Cyble researchers have managed to find 20,000 instances of publicly exposed data centers including the ones that has thermal and cooling dashboards, rack monitors, UPS controllers, humidity controllers and transfer switches. Also, the Cyble team were able to crack and extract passwords of the dashboards which they later used to breach the actual database instances.
It also provides full remote access to the data center with status reports, and also the ability to configure various system parameters. Default passwords which are even easier to breach and can be overridden by hackers without any challenges is also a major concern.
After proper investigation the Cyble team figured out that anybody will be able to modify the temperature and humidity settings, alter the voltage parameters to unbearable levels, change or disable cooling units configurations, shutdown UPS devices, alter backup schedules and create fake alarms.
These modifications or privileges can cause data loss, system breakage, economic impact, financial loss and reputation damage for organizations associated with those data centers.
It is also to be noted that hackers can compromise these data centers, extract data and use it for their own benefits in complete stealth thus keeping the breach absolute silent. A similar incident was seen in March 2021 at Strasbourg when a power failure interrupted the data centers operation and caused security concerns.
Furthermore, security researcher and a ISC Handler Jan Kopriva have found around 20,000 servers with ILO management interfaces that are exposed to public.
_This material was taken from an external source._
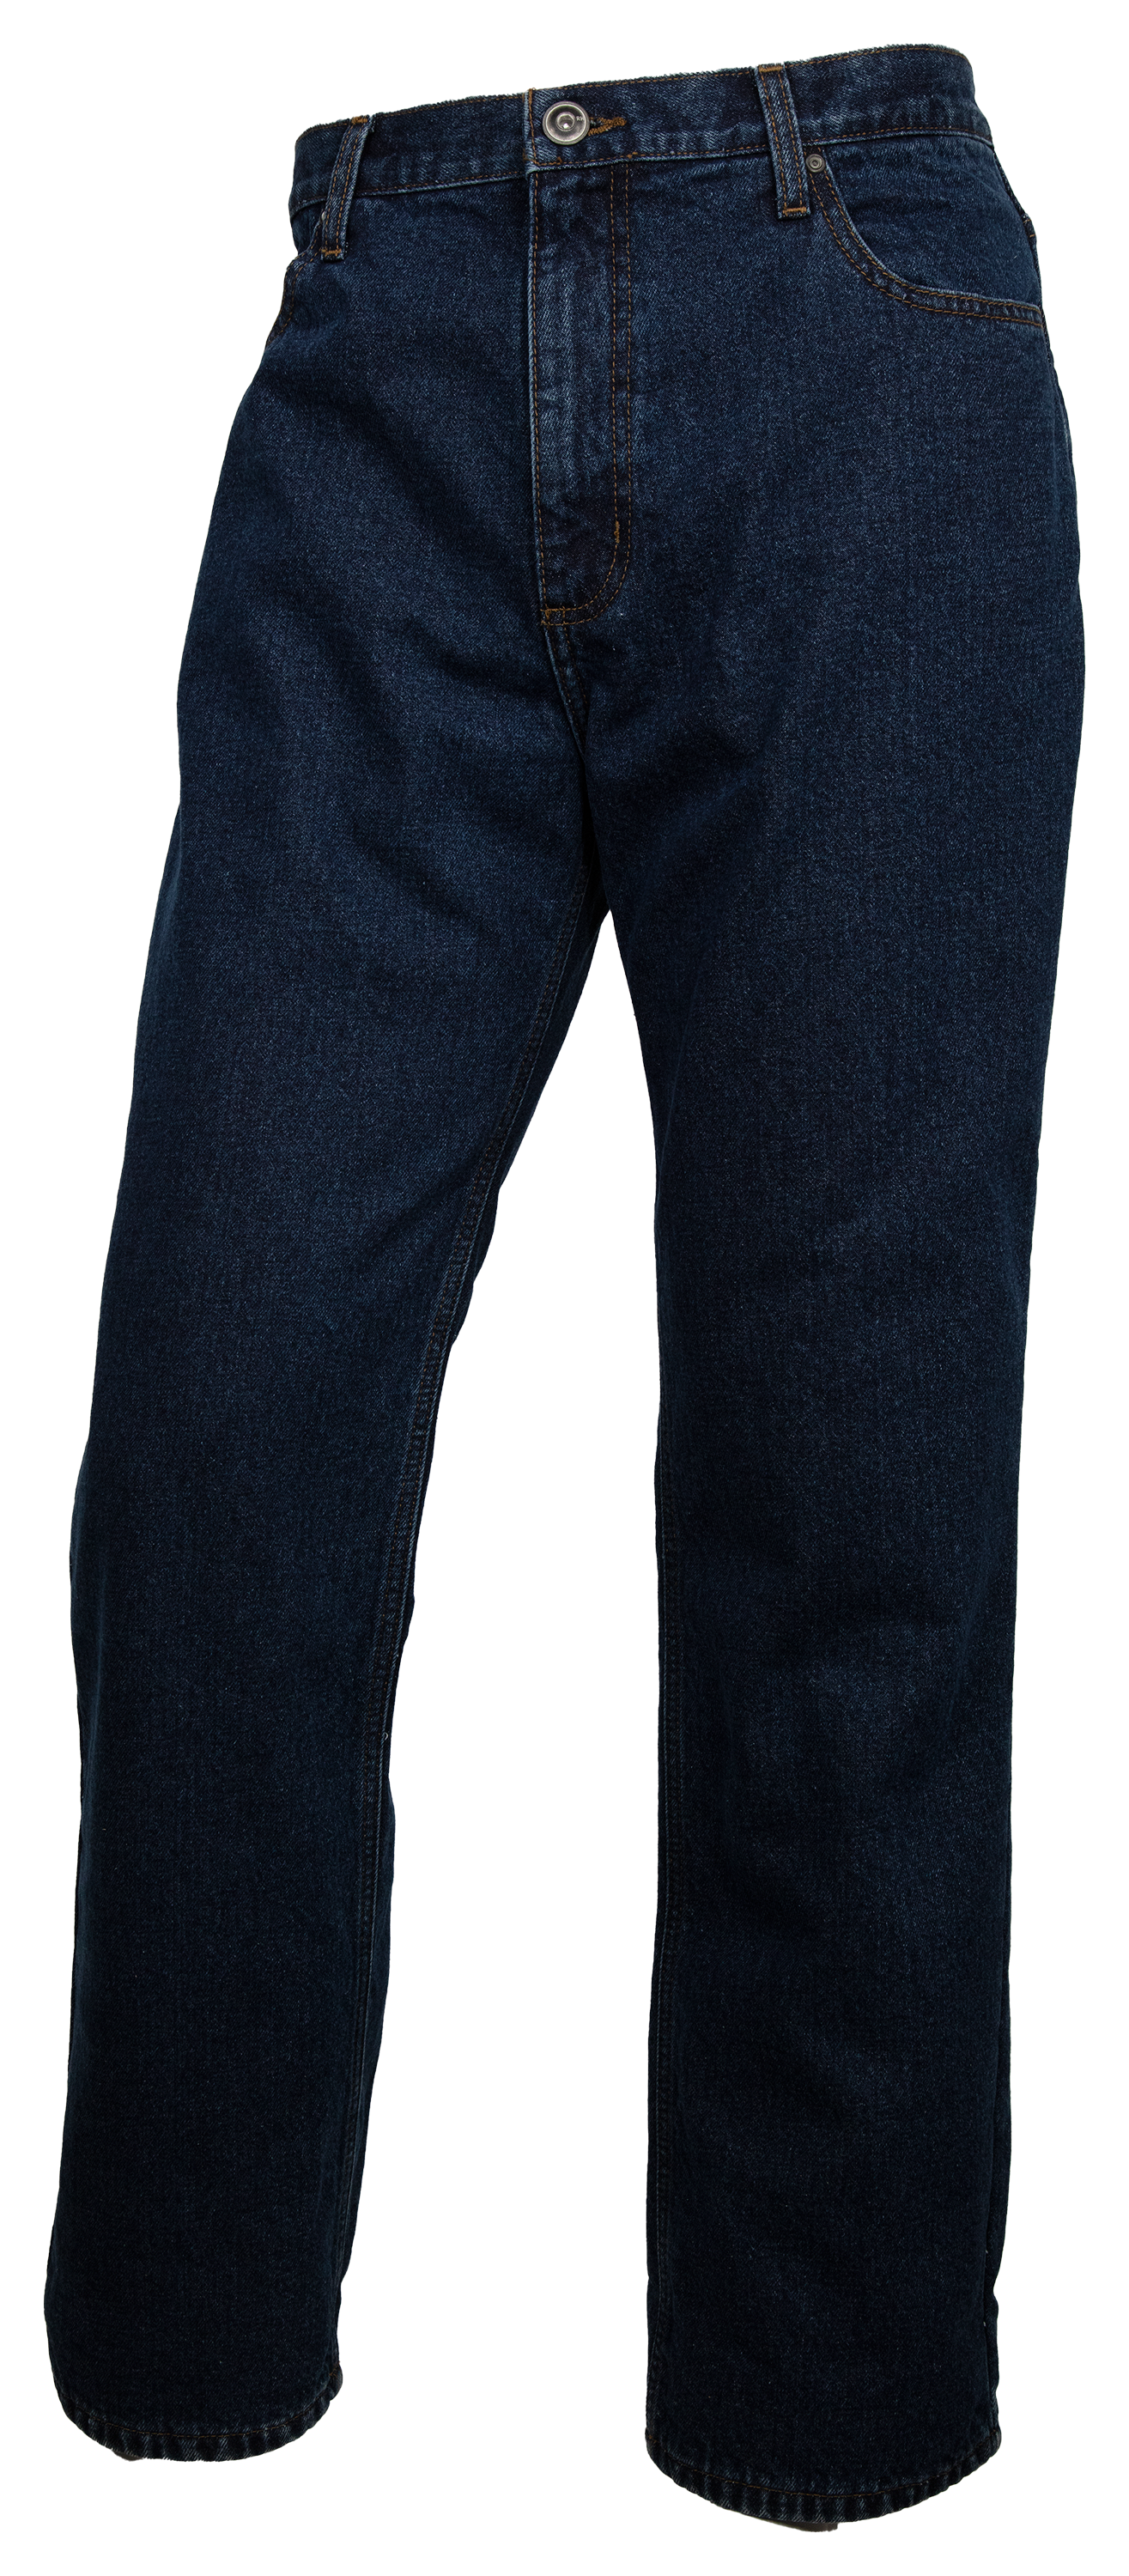 Redhead Flannel Lined Jeans 38x32 Dark Wash Warm Cozy Denim Pants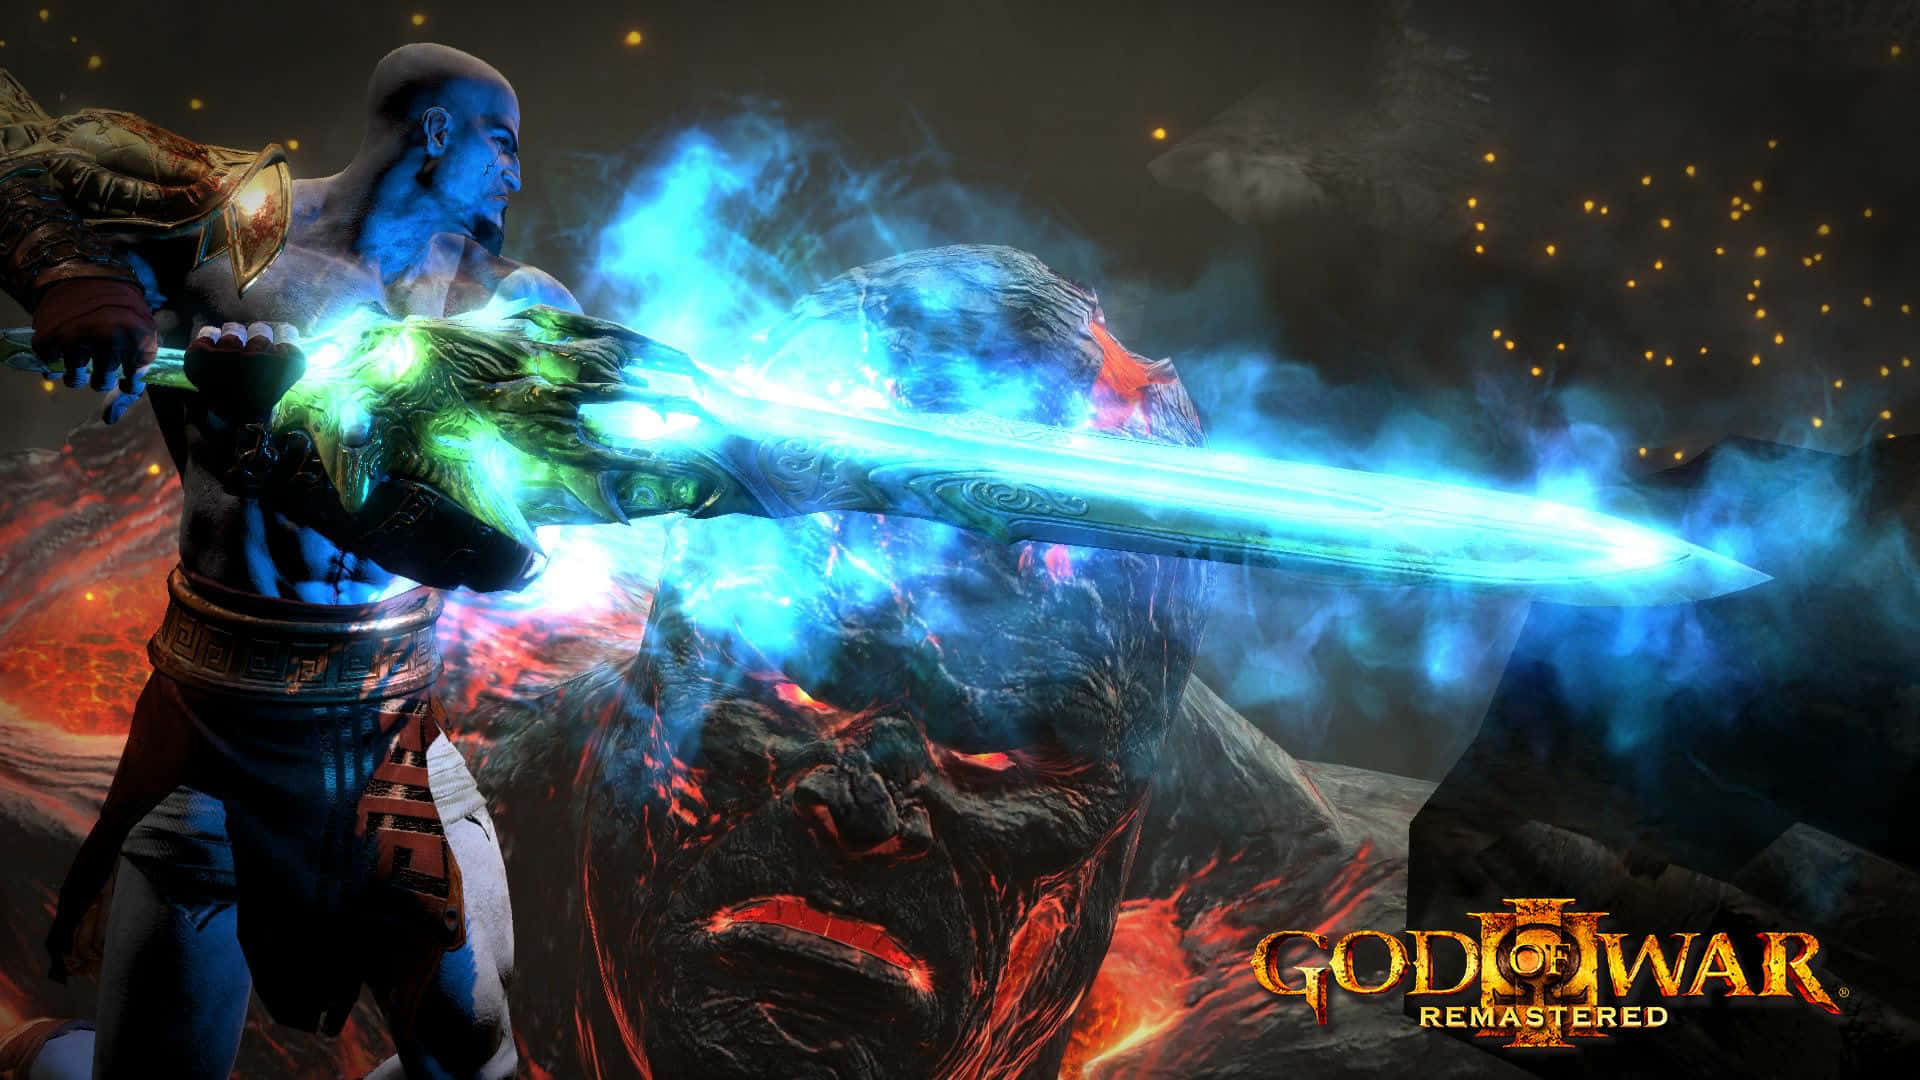 Arese Kratos Si Scontrano In God Of War 3 Sfondo

The integrated Lights-Out (ILO) management interfaces are used by administration for remote access, manage power settings, shutdown or reboot the systems as if they are present before them in real time.
When these ILO’s aren’t secured properly, it will allow threat actors to take complete access of the servers and modify the configurations as per their need. Thus it is important for these data centers to secured both DCIM and their ILO before threat actors take advantage of the same.
The Cyble team has reported the same to CERT and shared the list of publicly exposed DCIM.